The OAIC strongly encourages all entities to review and strengthen their access security and ICT security measures, including identity management and authentication.
Entities should also actively foster a security and privacy-aware culture to ensure staff are well‑equipped to identify and respond to fraud and credential stuffing attacks, and so customers know what to do if they are concerned they may have been the subject of an attack.
The scenarios below demonstrate the importance of proactively implementing strong and multiple forms of identity management and authentication, and taking reasonable steps to ensure information is accessed only by authorised persons.
Scenario 1
A retail entity’s customer portal was subjected to a credential stuffing attack, resulting in unauthorised access to 500 customer accounts, which included identity information. At the time of the incident, the entity’s identity authentication for customer accounts was limited to email address and password.
Following an investigation, the entity formed a suspicion that the customers’ credentials were obtained in a data breach of another entity and that the threat actor(s) leveraged this information to bypass their identity authentication measures.
The entity notified all affected customers of the data breach and uplifted its identity authentication measures to include mandatory multi-factor authentication for all customers.
Scenario 2
An entity that facilitates access to health services via a digital platform experienced a data breach in which a threat actor registered with the platform using the genuine professional registration details of a health services provider.

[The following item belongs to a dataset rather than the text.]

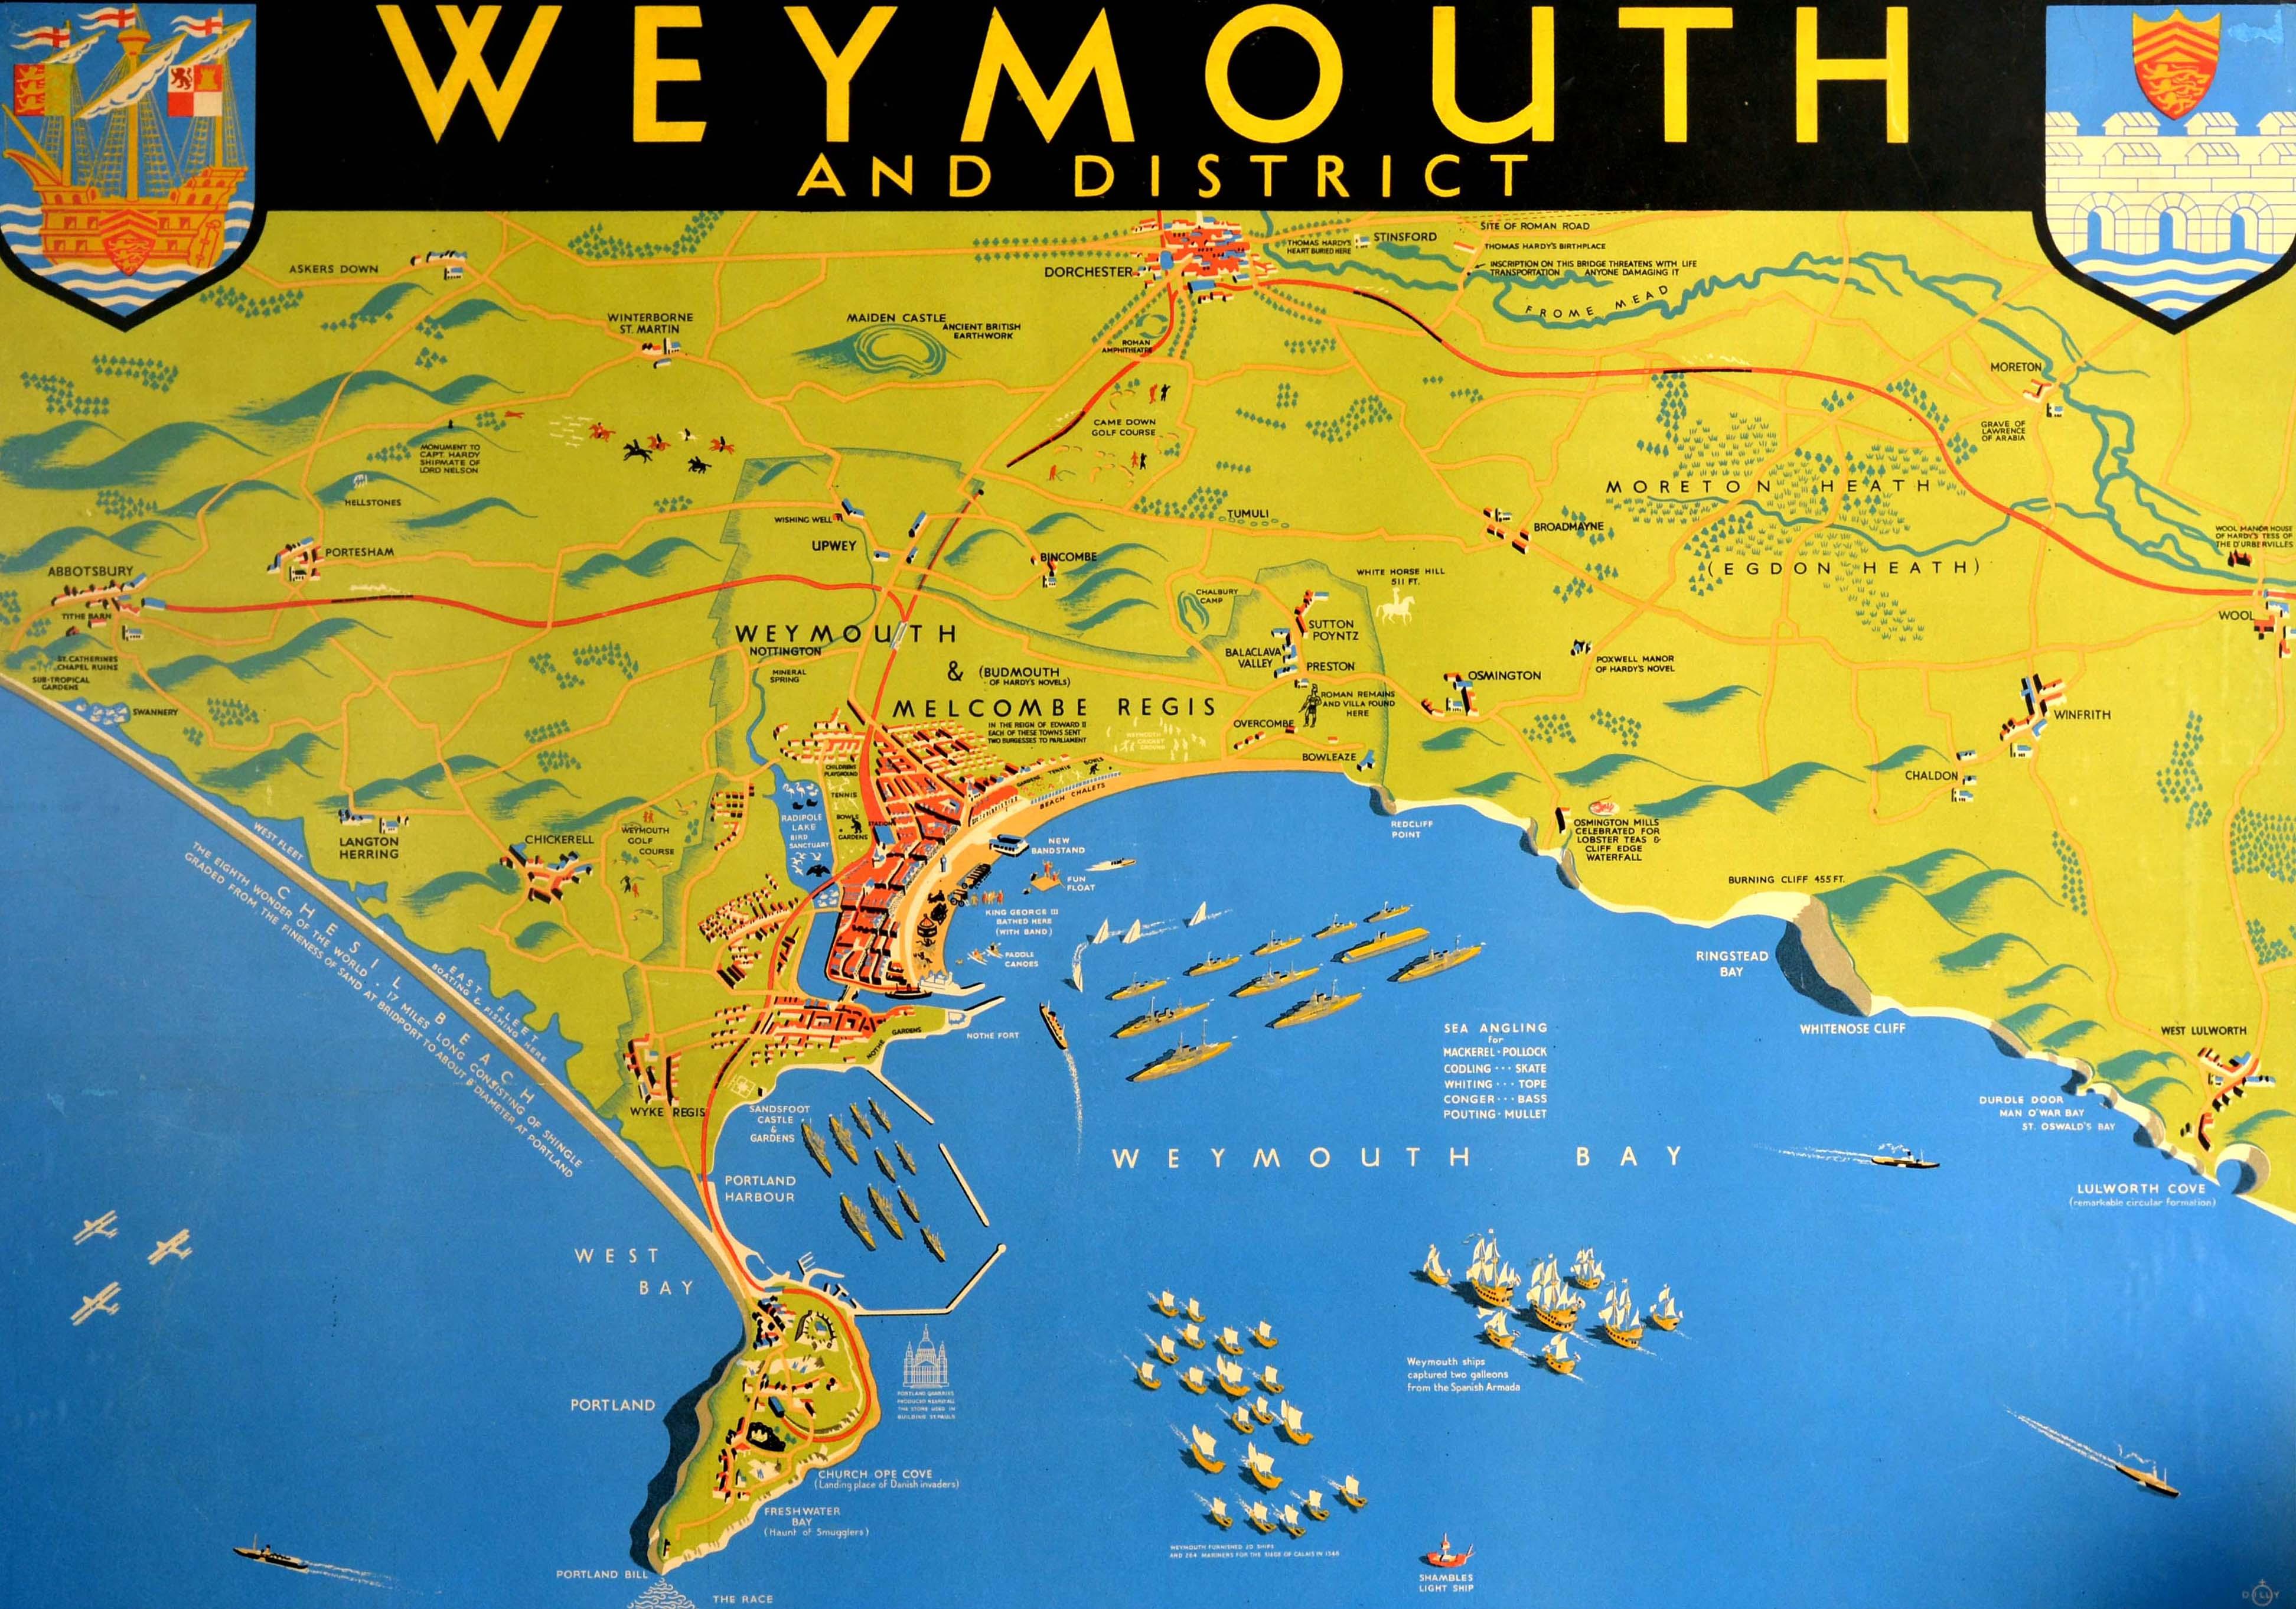 Original vintage railway travel poster advertising Weymouth and District Frequent Express Trains and Cheap Fares GWR Great Western Railway SR Southern Railway featuring a pictorial map of Weymouth and Melcombe Regis with significant locations and

The threat actor then impersonated a health service provider and accepted appointments from individuals, gaining access to their personal and sensitive information.
The entity became suspicious after receiving complaints from individuals and conducted an investigation, resulting in identification of the fraud registration and removal of the threat actor’s access to the platform.
The entity notified affected individuals and implemented more stringent identity verification measures for registering healthcare providers on its platform.
Cyber incidents affected on average a significantly higher number of individuals worldwide compared to other types of breaches caused by malicious or criminal attacks. Cyber incidents reported to the OAIC affected 319,761 individuals on average, in comparison to the next highest average of 845 individuals affected by a breach caused by a rogue employee or insider threat.
Table 3: Malicious or criminal attack breakdown by average and median numbers of affected individuals worldwide
Source of breach | Number of notifications | Average number of affected individuals | Median number of affected individuals |
---|---|---|---|
Cyber incident | 172 | 319,761 | 215 |
Rogue employee / insider threat | 20 | 845 | 3 |
Theft of paperwork or data storage device | 19 | 690 | 29 |
Social engineering / impersonation | 77 | 108 | 7 |
Total | 288 | 186,951 | 59 |
Assessing breaches with limited or no evidence
Data breaches caused by cyber security incidents are often complex and generally tend to affect more individuals than other types of malicious or criminal attacks.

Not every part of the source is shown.